You've made the decision to get healthy and lose weight, to firm up those jiggles and lose the beer belly.  You quit hitting Subway for lunch and started making time for breakfast.  You joined a gym, bought an exercise ball, tried yoga, attempted pilates.  You have lazy days and days where you end up face-first in a pint of Ben & Jerry's but overall you're still plugging away at this health thing.

So now what?  Even if you're still seeing big results, what's the next step?  How do you keep this good thing going for, let's face it - forever?

It is time to develop a healthy skill set, whatever your goals may be - and that takes practice.  Like sports, music or learning another language, consistent work toward improvement with specific goals in mind creates a mindset for success.

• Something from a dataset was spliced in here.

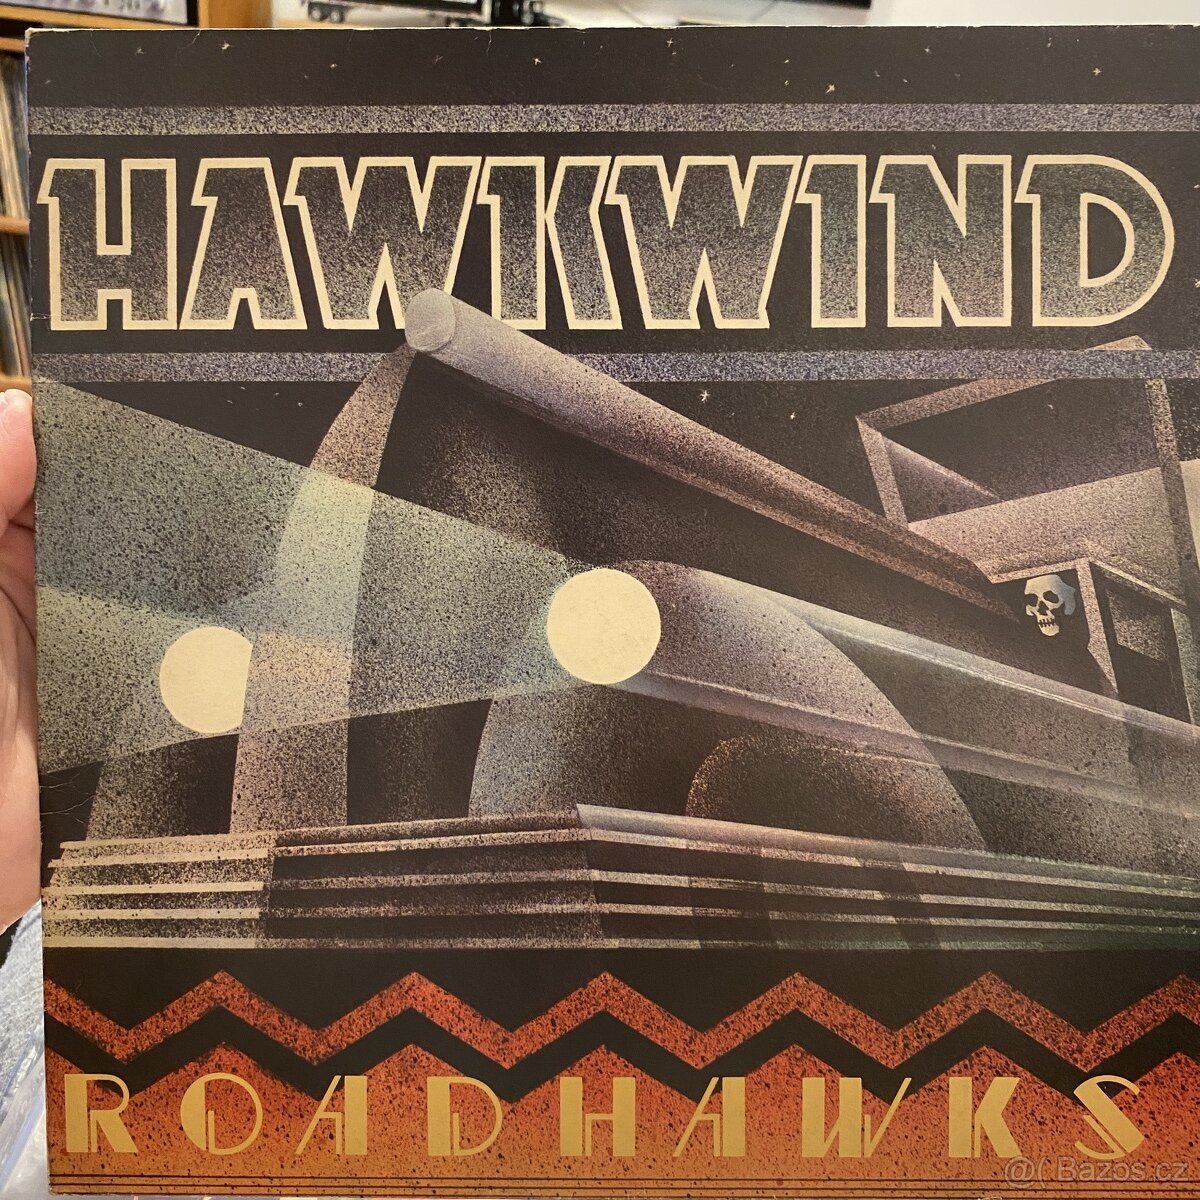 Hawkwind – Roadhawks. LP

Use these tips to build momentum:

1.  Make your surroundings reflect the success you want to achieve.  There is a reason motivational posters are plastered in locker rooms.  Find success stories that inspire you and refer to them often.  Make a 'Vision Collage' that reflects the values you want to keep in mind.  Sure, it might sound hokey at first, but reading a Lance Armstrong quote like, "People ask me what I'm on.  I'll tell you what I'm on.  I'm on my bike busting my ass for six hours a day.  What are you on?" will make it easier to put in the last few minutes on a long workout.  Pick your vision of excellence and put it on display.

2.  Associate yourself with people who are actively pursuing similar goals.  Join a running, walking or biking club.  Sign up for a race.  Check out the bulletin boards at the gym, YMCA, coffee shop.  Use facebook.  Buy a "Runner Girl" or "Life is Good" t-shirt - it is surprising how many people you can meet by sharing your interests in a general way.

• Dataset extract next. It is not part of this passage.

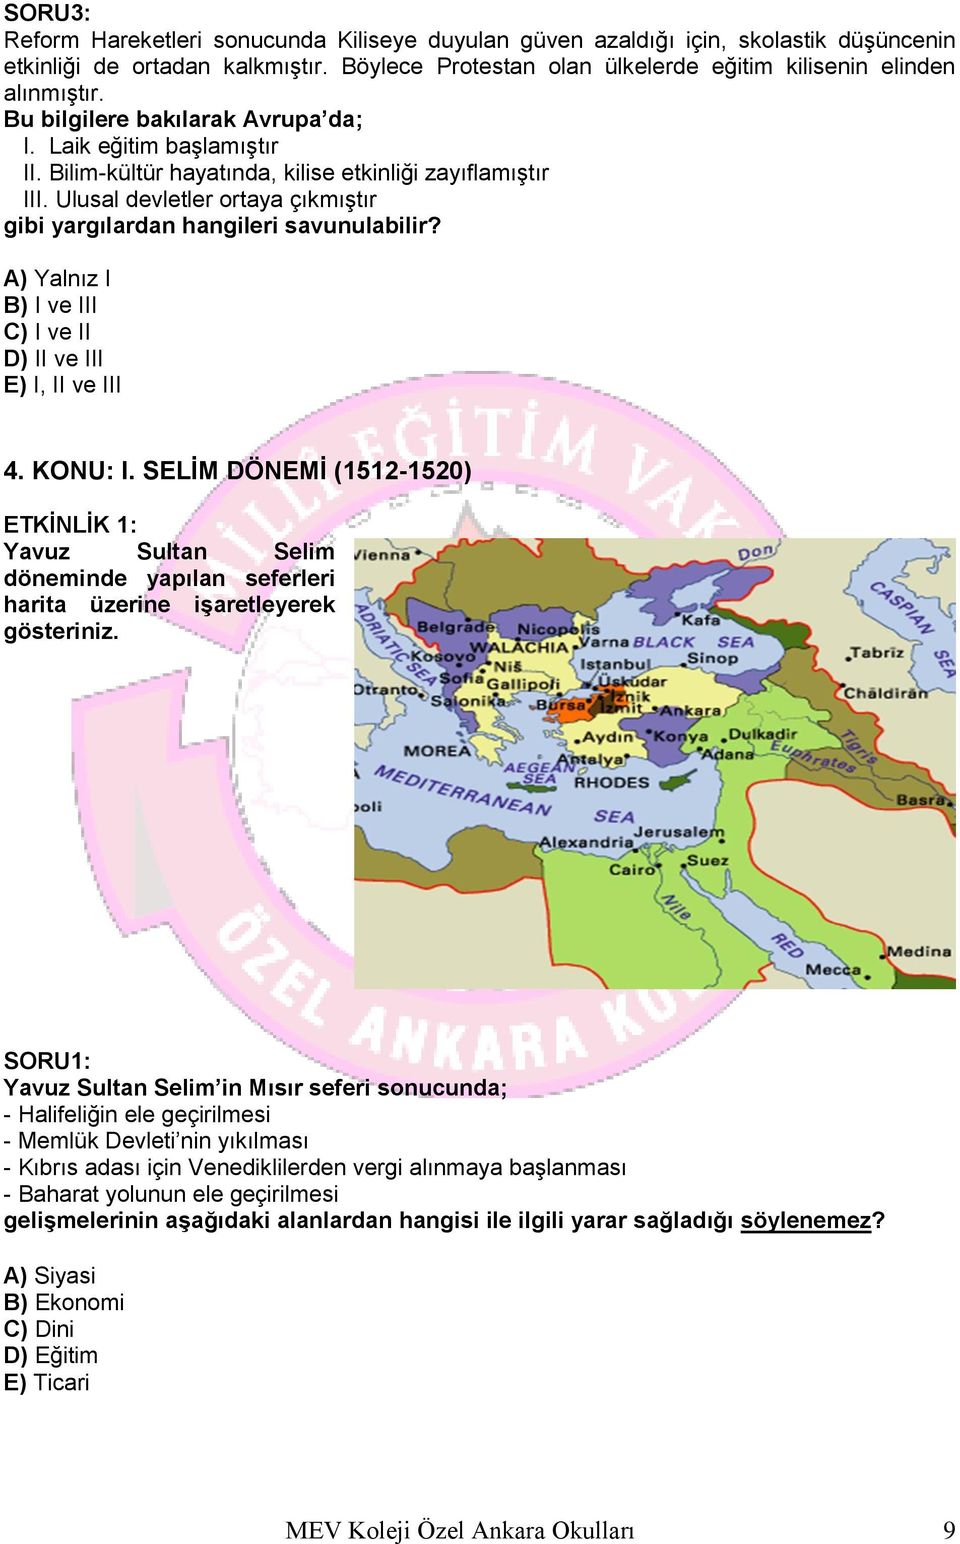 A) Yalnız I B) I ve III C) I ve II D) II ve III E) I, II ve III 4. KONU: I. SELİM DÖNEMİ (1512-1520) ETKİNLİK 1: Yavuz Sultan Selim döneminde yapılan seferleri harita üzerine işaretleyerek gösteriniz.

3.  Once again, share your intentions with a few people who you know will encourage you and keep you honest.  Give yourself permission to put a few not-so-positive friends on the back burner until you feel more centered in your new reality.

4.  Plan ahead for the bumps and stresses of life with a healthy Plan B.  Keep a small, healthy snack on hand in the car (apples, almonds and granola bars hold up well for a couple of days); pack an extra change of clothes for the gym in the trunk; fill your water bottle and pack your lunch the night before.  Throw away the Ben & Jerry's right now so it isn't a temptation when you've had a terrible day.  (Right now.  Do it.  Now.)  Keep your healthy triggers in sight at all times.  If you put the elliptical machine in front of the TV, it is less likely to become a clothes rack than in the corner.

5.  Enjoy your success.  Do not punish yourself for mistakes or slip-ups.  Success is based on constructive action over time, not perfection every time.  Instead of beating yourself up for a bad day, hit the gym and use the time to think about what caused the issue (like not throwing that Ben & Jerry's away like you should have), create a plan for the next step and move forward.  Break your bad mood by contacting one of your positive people or supporting one of your new buddies.